На следующий день лоточник оказывается там же и так же сосредоточенно трудится над чугунными тисками. Еще через сутки ничего не меняется. Поравнявшись с ним, Уоррен задерживает взгляд на прилавке. В тисках все та же деревянная болванка с полувыточенными носом и челюстью. Уоррен сова спешит в порт и пишет там новую записку: «Выявлено воспоминание». Свесившись с причала вниз, он обнаруживает, что его предыдущее сообщение никто не забрал. Листок уже успел пропитаться солью и напоминает сосульку с буквами, проступающими изнутри. Тем не менее через два дня приходит ответ. Присев дома в кресло около журнального столика, Уоррен вдруг обращает внимание на обложку National Geographic. Прежде он в нее толком не всматривался. Следы зверя на снегу следуют ритму. Длинные интервалы сменяются короткими. Точки, тире, точки. «Вас понял. Идите на контакт», – расшифровывает Уоррен.

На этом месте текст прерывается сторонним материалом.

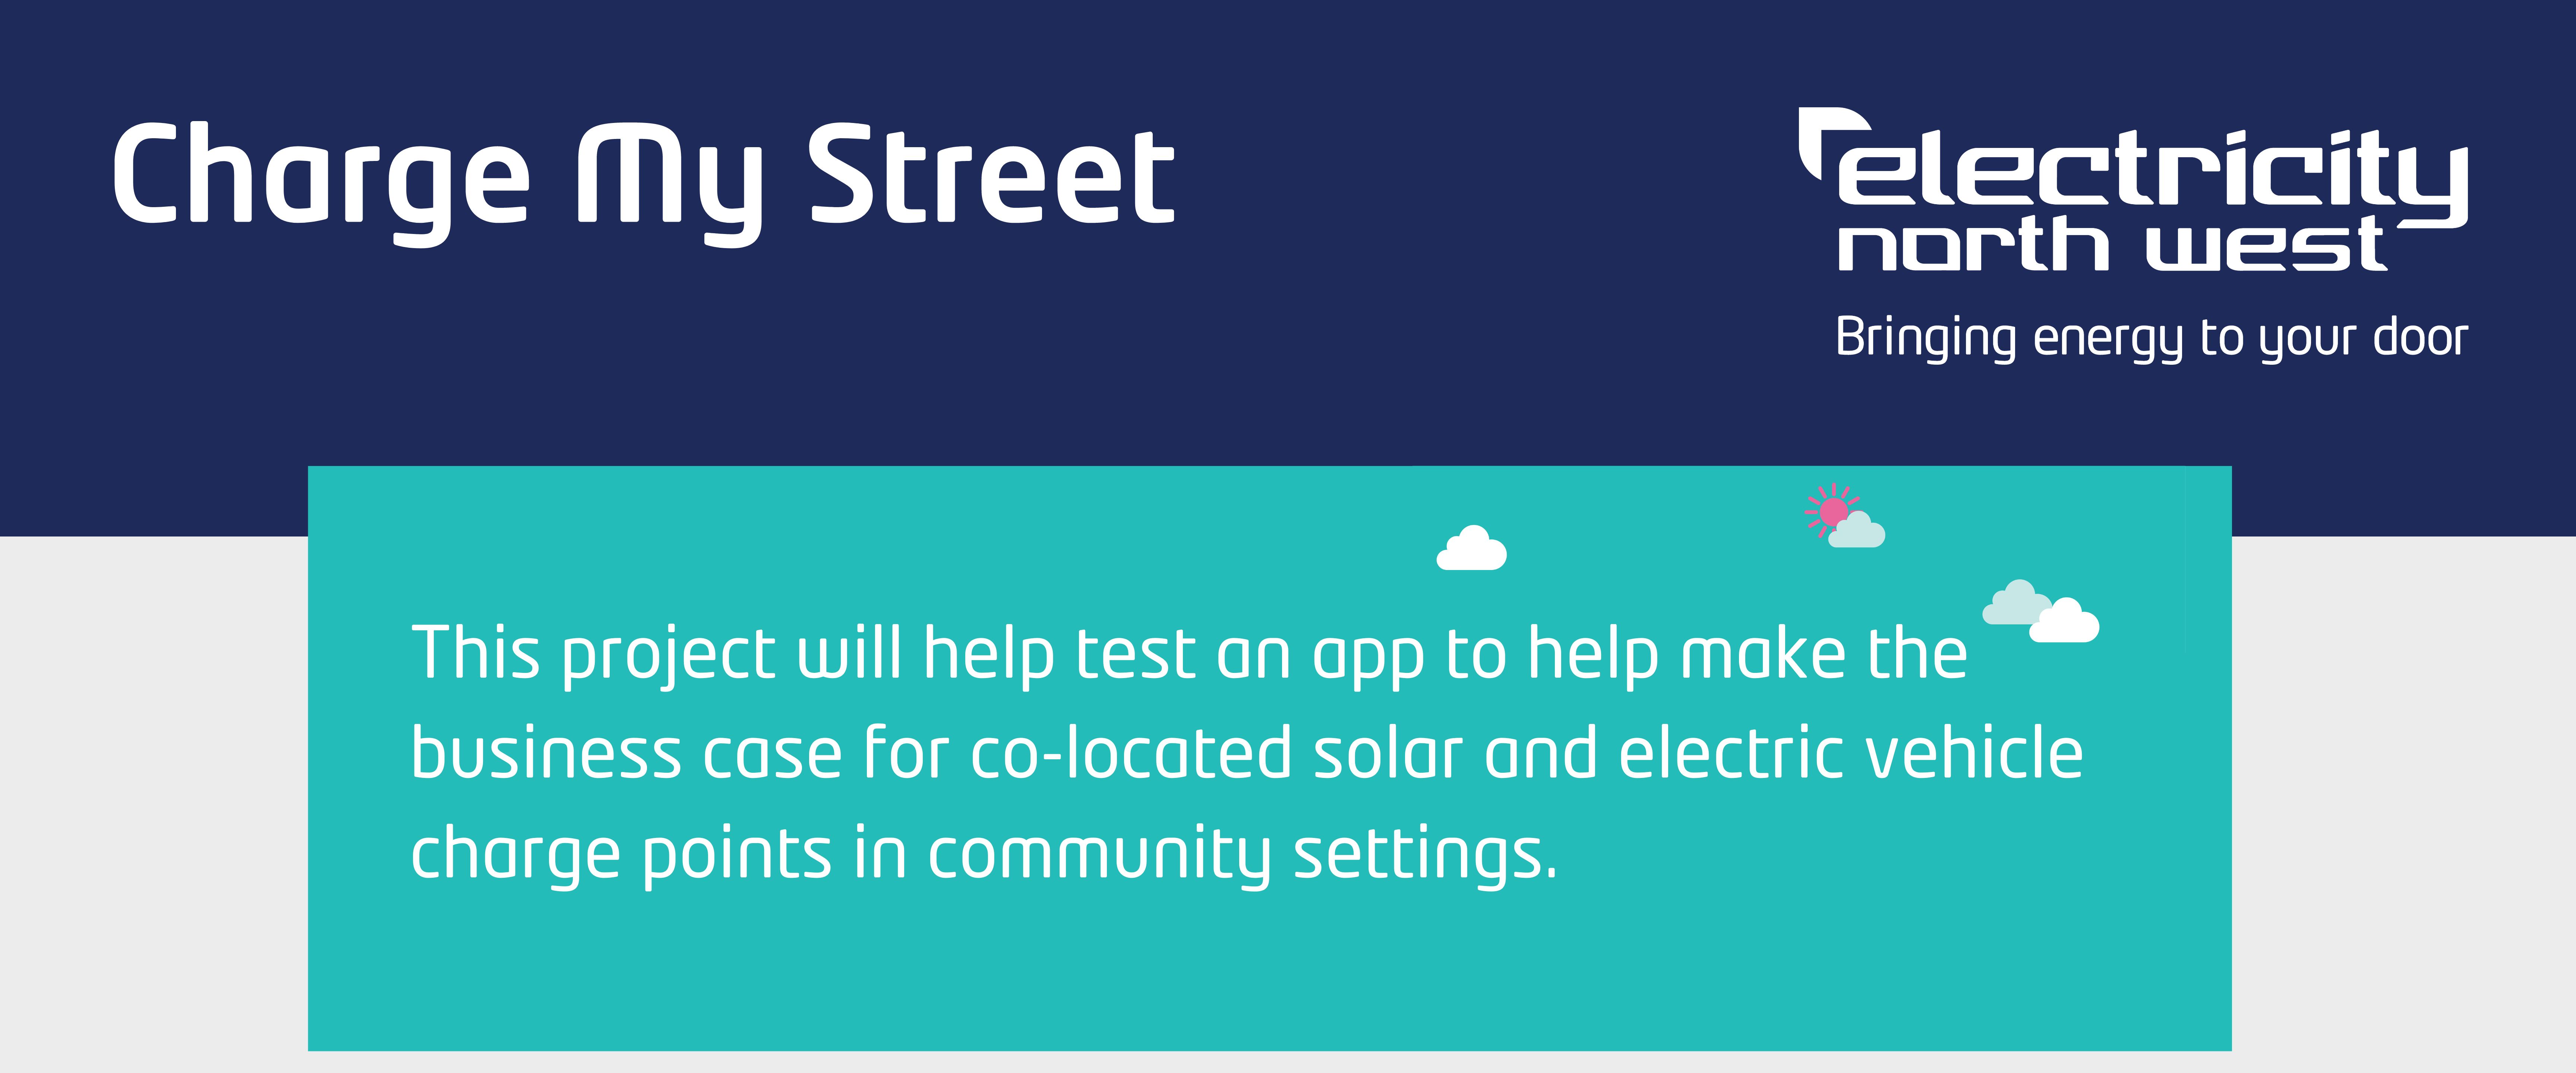 Charge My Street, This project will help test an app to help make the business case for co-located solar and electric vehicle charge points in community settings

– Добрый день, – говорит Уоррен.
– Привет Тед, – отвечает лоточник. Земля вокруг него устлана свежими стружками. Уоррен замечает, что микки маусов на прилавке стало больше. Они заполняют все его пространство, стоят терракотовой армией. Пахнет свежей смолой. Уоррен раскланивается с ним и продолжает свой маршрут. Он замечает на противоположной стороне улицы – обычно тихой и не привлекающей внимания – скопление птиц и переходит дорогу. При его приближении птицы разлетаются, и он видит выложенную зернами на тротуаре надпись: «Остановилось сердце. Немедленно возвращайтесь».
Тед перечитывает запись снова и снова. Птицы снова прилетают и склевывают буквы. Тед спешит назад, по Александрийской улице. В лицо ему летят воздушные шары. Хлопают петарды. Навстречу идут люди с лицами-вертушками, он вспоминает каждое из них. Там, куда они поворачиваются, открываются улицы, лестницы, звенят провода, соединяются мостами круглые холмы. Поднимаются с ила планеты, солнца сверкают в тесных стеклах. Тед шагает, вдыхая прохладный воздух.
Живые картинки
– Мы готовы?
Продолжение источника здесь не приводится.